- [Problem statement] What you submit must be an exact copy of the listing below, with no images in it.

- [Dataset content]
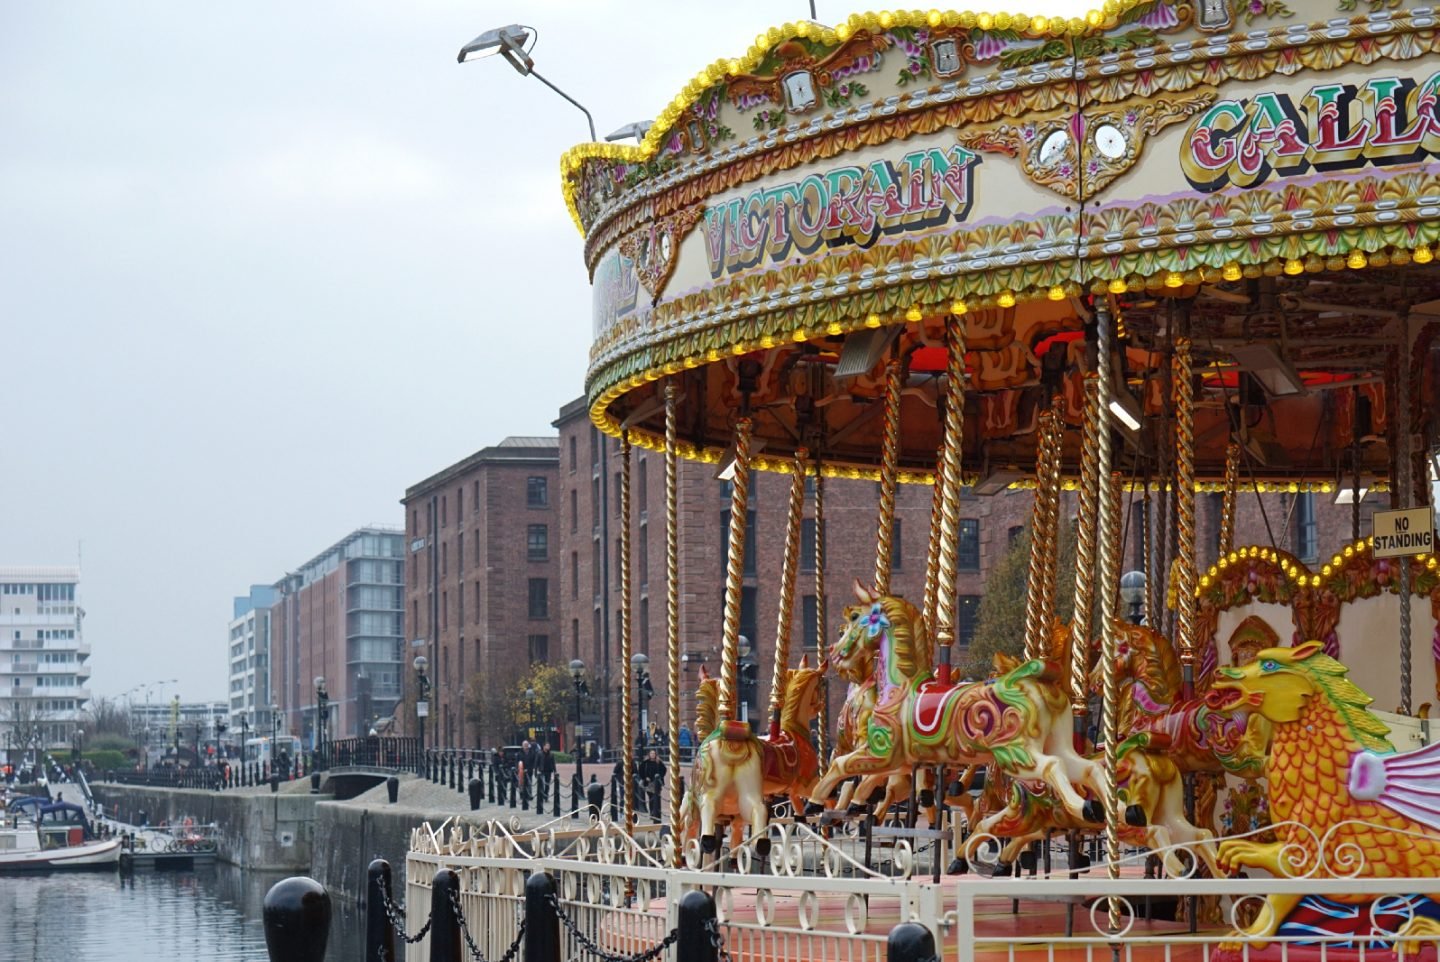 Carousel at Albert Docks Liverpool
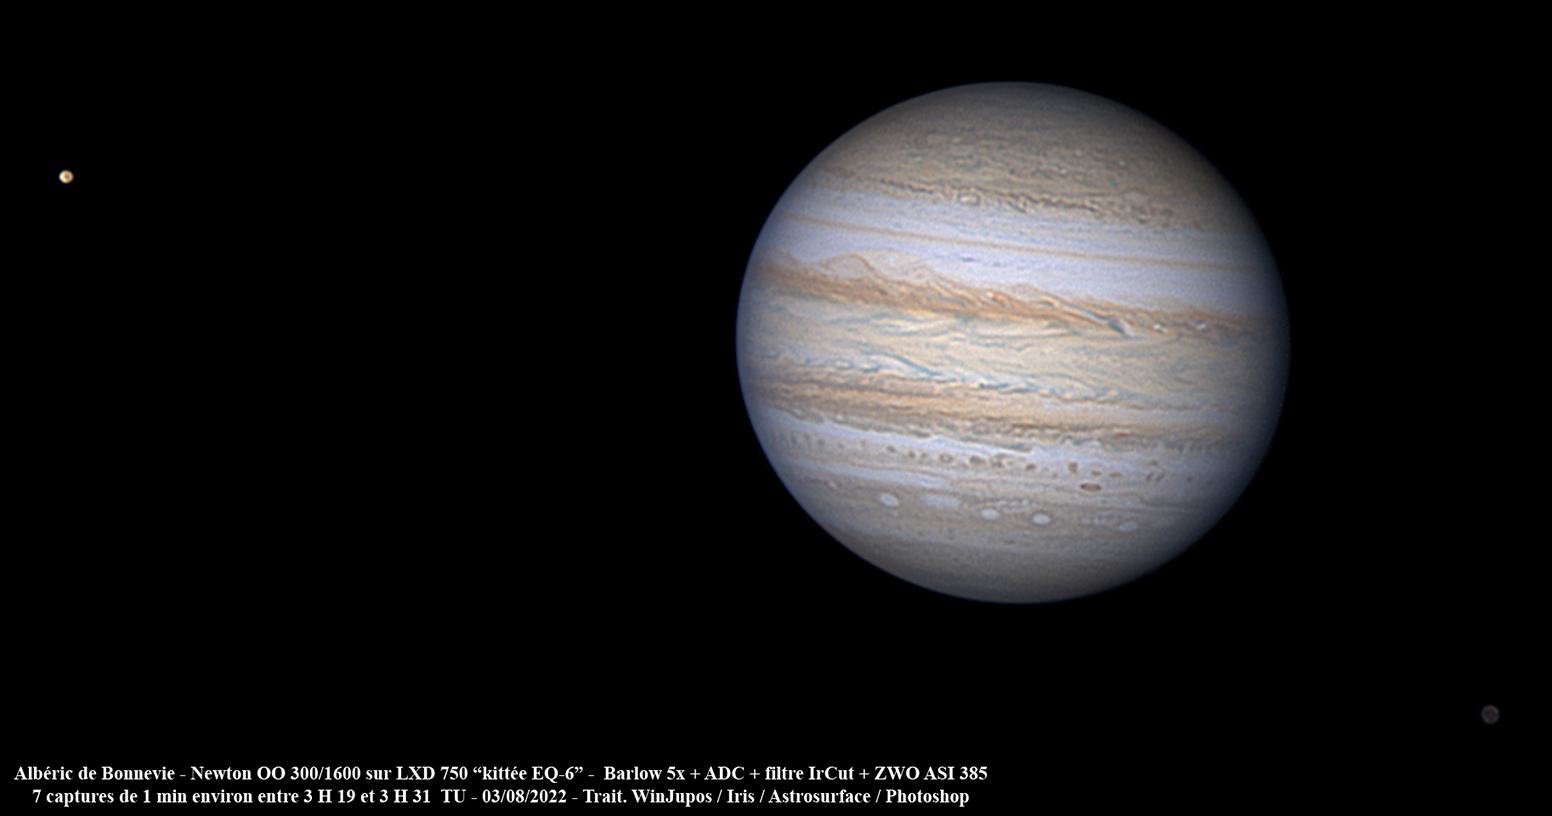 62fc1d135cfb6_Jupiter-sats-T300-85-03082022-contraste.jpg.b5edf1c72e0db09e6ba992c1412f8d15.jpg
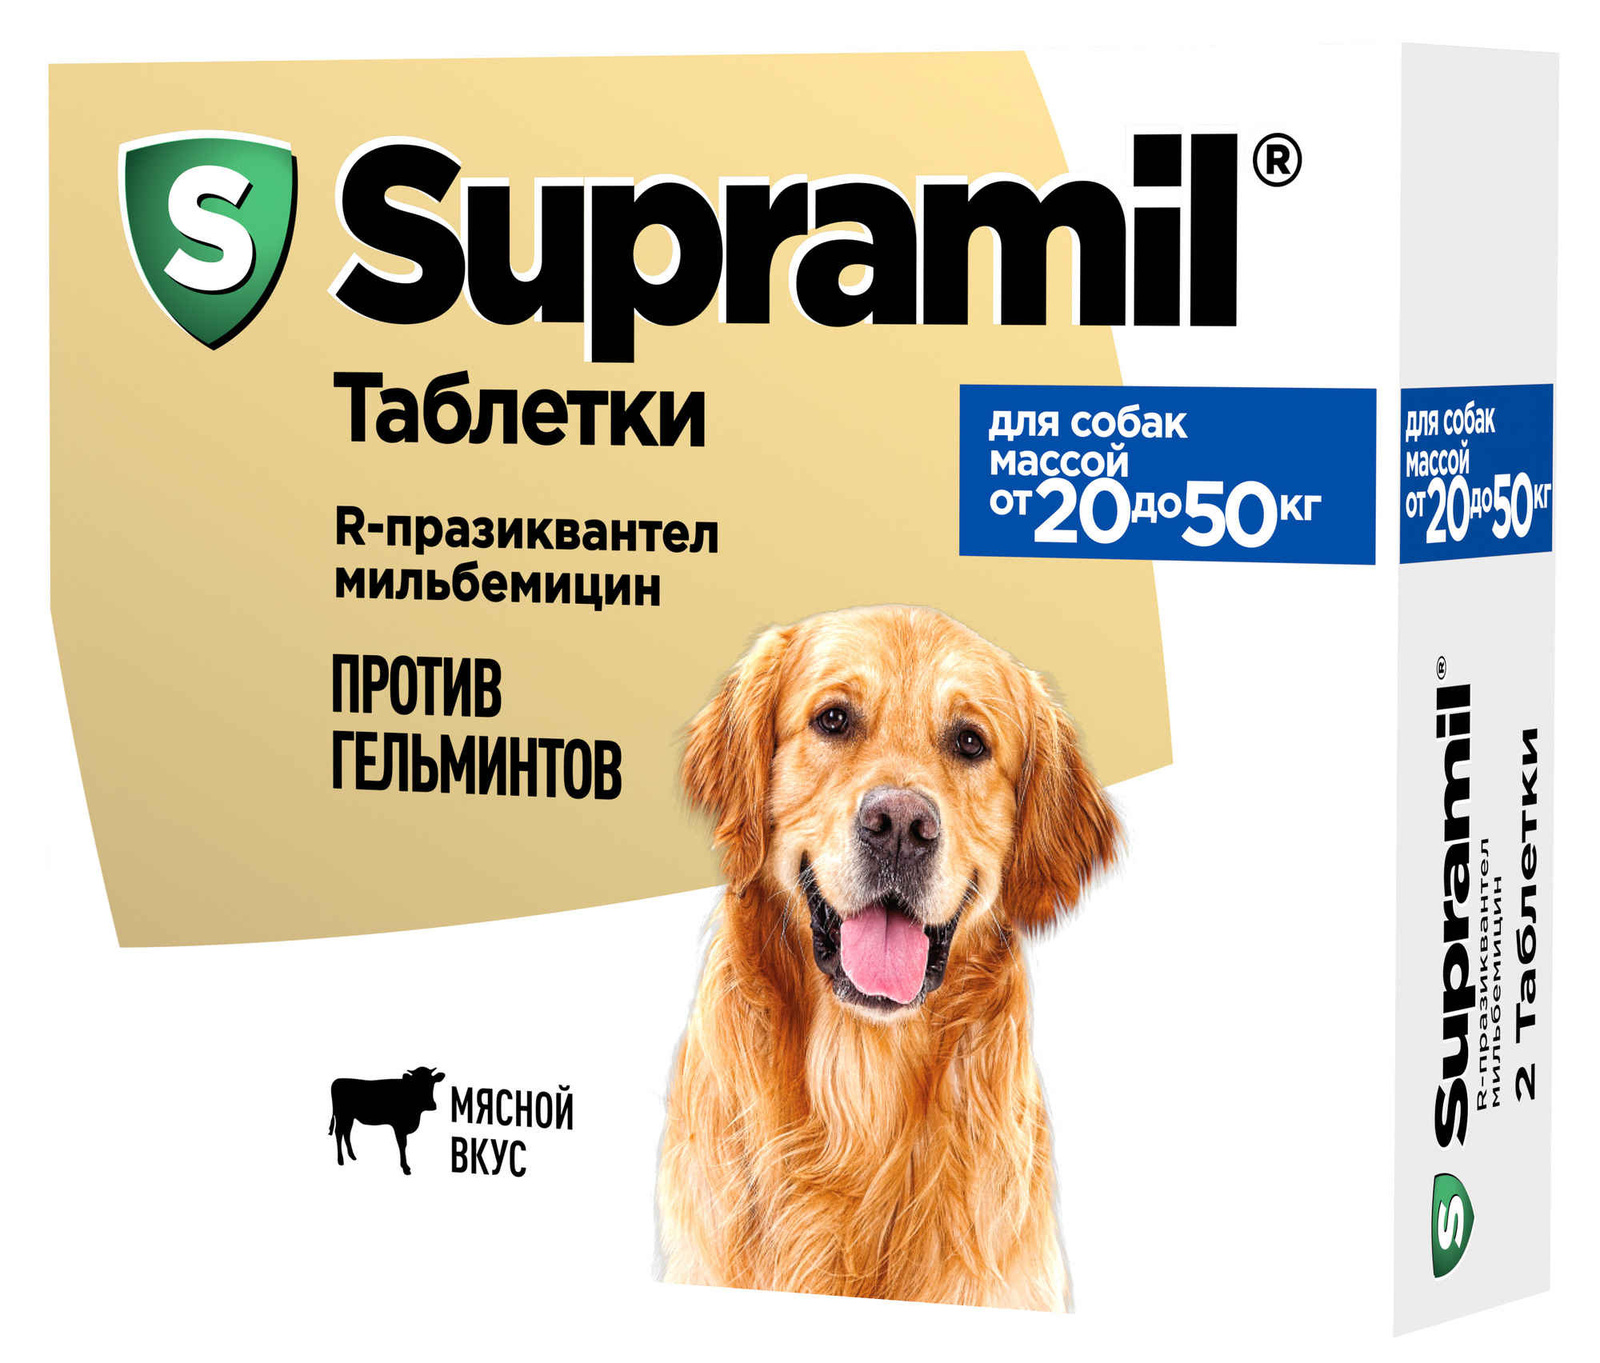 Астрафарм Астрафарм антигельминтный препарат Supramil для щенков и собак массой от 20 до 50 кг, таблетки (20 г)

- [Task output]
 Carousel at Albert Docks Liverpool
 62fc1d135cfb6_Jupiter-sats-T300-85-03082022-contraste.jpg.b5edf1c72e0db09e6ba992c1412f8d15.jpg
 Астрафарм Астрафарм антигельминтный препарат Supramil для щенков и собак массой от 20 до 50 кг, таблетки (20 г)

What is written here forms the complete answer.